Amazon S3
Follow these steps to use Amazon S3 as your source.
Last updated
Follow these steps to use Amazon S3 as your source.
Last updated
Click Create a new connection, if it is not already selected. In the Name your connection, type in the name you want to give to this connection.
For the Authentication Method, select either the Role-based or the AccessKey/SecretKey option:
Upsolver recommends that you use Role-based access.
To define the correct permissions for the role, follow the Amazon S3 access configuration guide to create an IAM policy.
If your S3 bucket runs on a different AWS account than the one running Upsolver, you need to create trust between the role and the account running Upsolver. Follow the Role-Based AWS Credentials guide to create a trusted AWS Role and find your External Id.
To create your Access key id and Secret access key, follow the AWS Account and Access Keys guide.
Encryption Key
By default, Upsolver uses the default encryption defined in the AWS bucket to read the files. Alternatively, you can provide the Base64 text representation of the encryption key to use or an ARN for an existing AWS KMS key.

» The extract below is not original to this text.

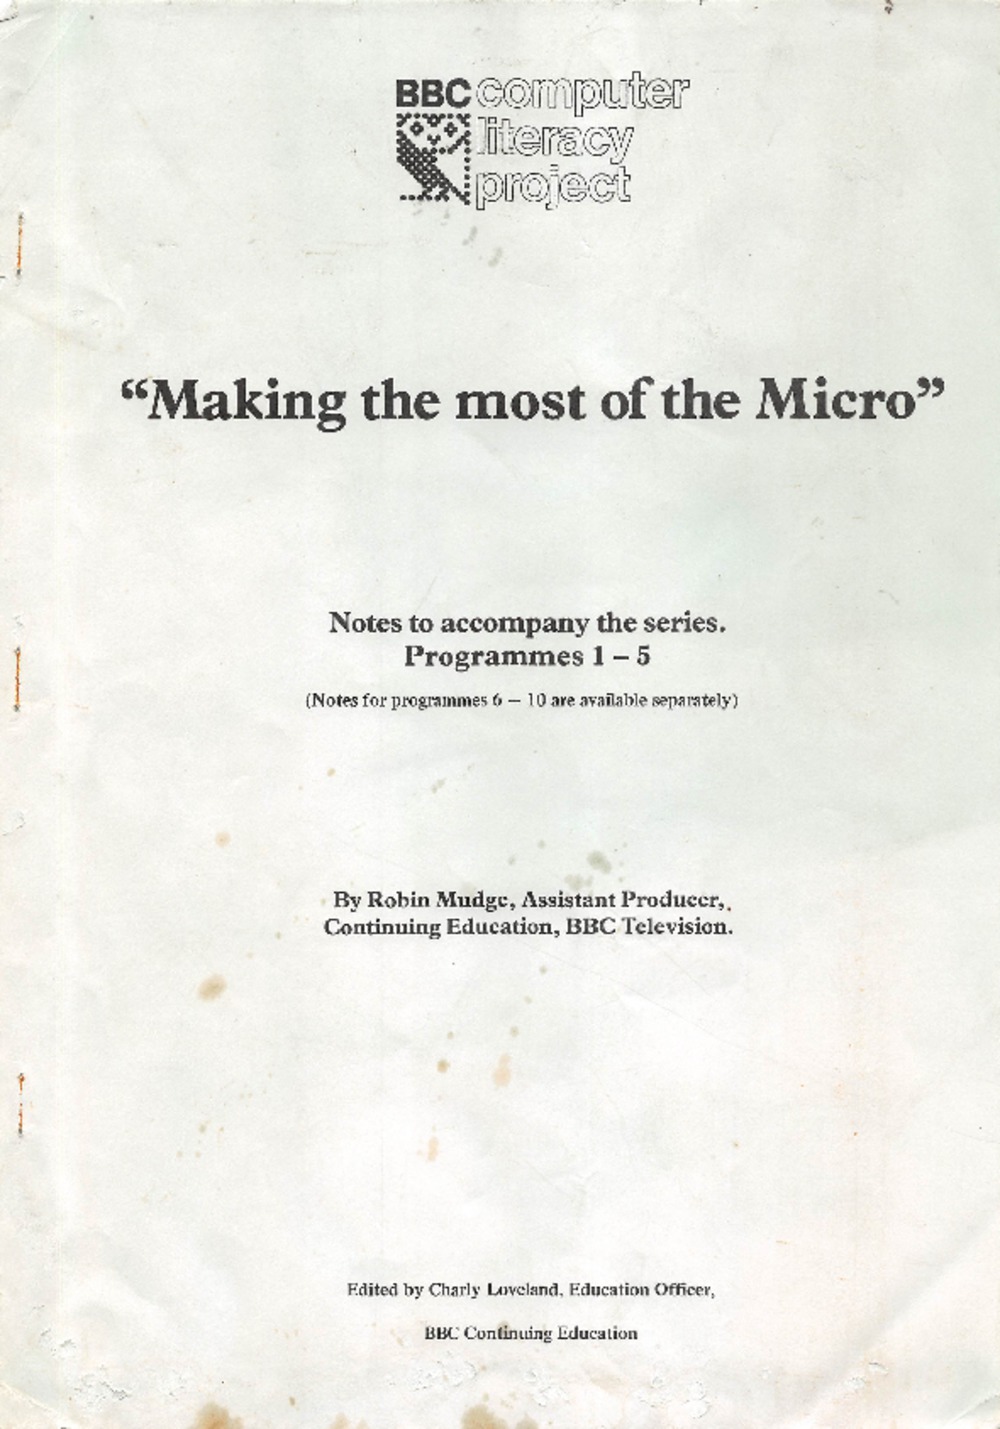 Article: Making the most of the Micro - Accompanying Notes - Programmes 1-5

When you have entered your authentication information, click Test Connection.
By default, if you have already created a connection, Upsolver selects Use an existing connection, and your Amazon S3 connection is populated in the list.
For organizations with multiple connections, select the source connection you want to use.
When the connection is established, Upsolver will attempt to list your buckets if the s3:ListAllMyBuckets permission was provided by the connection above. As an alternative, you can specify the name of your bucket, e.g. s3://upsolver-samples.
Next, you can optionally Select the location to read the files from. Leave this empty to ingest the entire bucket.
To specify the file types to ingest, choose an option from the Select the file's content type / Parse files using list, e.g. JSON, CSV, Parquet. This list defaults to Automatic.
Select the file name pattern for the files you would like to ingest
Upsolver ingests all files in the selected location by default. To change this option, in the list, select Ingest files matching a regular expression.
If your source files are partitioned by a date pattern, Upsolver can load existing and new files using the pattern. This affects the order of files loaded and avoids delays when many changes occur across the bucket.
By default, Upsolver will list and ingest files in the ingest job’s bucket and folder as soon as they are discovered. When you set a date pattern, Upsolver uses the date in the folder path to understand when new files are added. The date in the path is used to process data in order of arrival. If files are added to a folder named with a future date, these files will not be ingested until that date becomes the present.
Delete the source files following ingestion
To discover new files, when a date pattern is not set, Upsolver lists the top-level prefix and performs a diff to detect newly created files. It then lists the paths adjacent to these newly added files and assumes that if a file was added here, others will be as well. This process is performed at regular intervals to ensure files are not missed.
For buckets with few files and predictable changes, this works well. However, for buckets with many changes across millions of files and hundreds of prefixes, the scanning and diffing process may result in ingestion and processing delays.
To optimize this process, consider setting the Delete the source files following ingestion option to TRUE. This moves ingested files to another staging location, leaving the source folder empty and making it easier and faster for Upsolver to discover new files. Be aware that configuring Upsolver to move ingested files could impact other systems if they depend on the same raw files.
When you select a bucket and folder, Upsolver will attempt to load a sample of the files.
If Upsolver did not load any sample files, try the following:
Verify that the location on your bucket contains files.
Select a content type that matches the content type of your stream.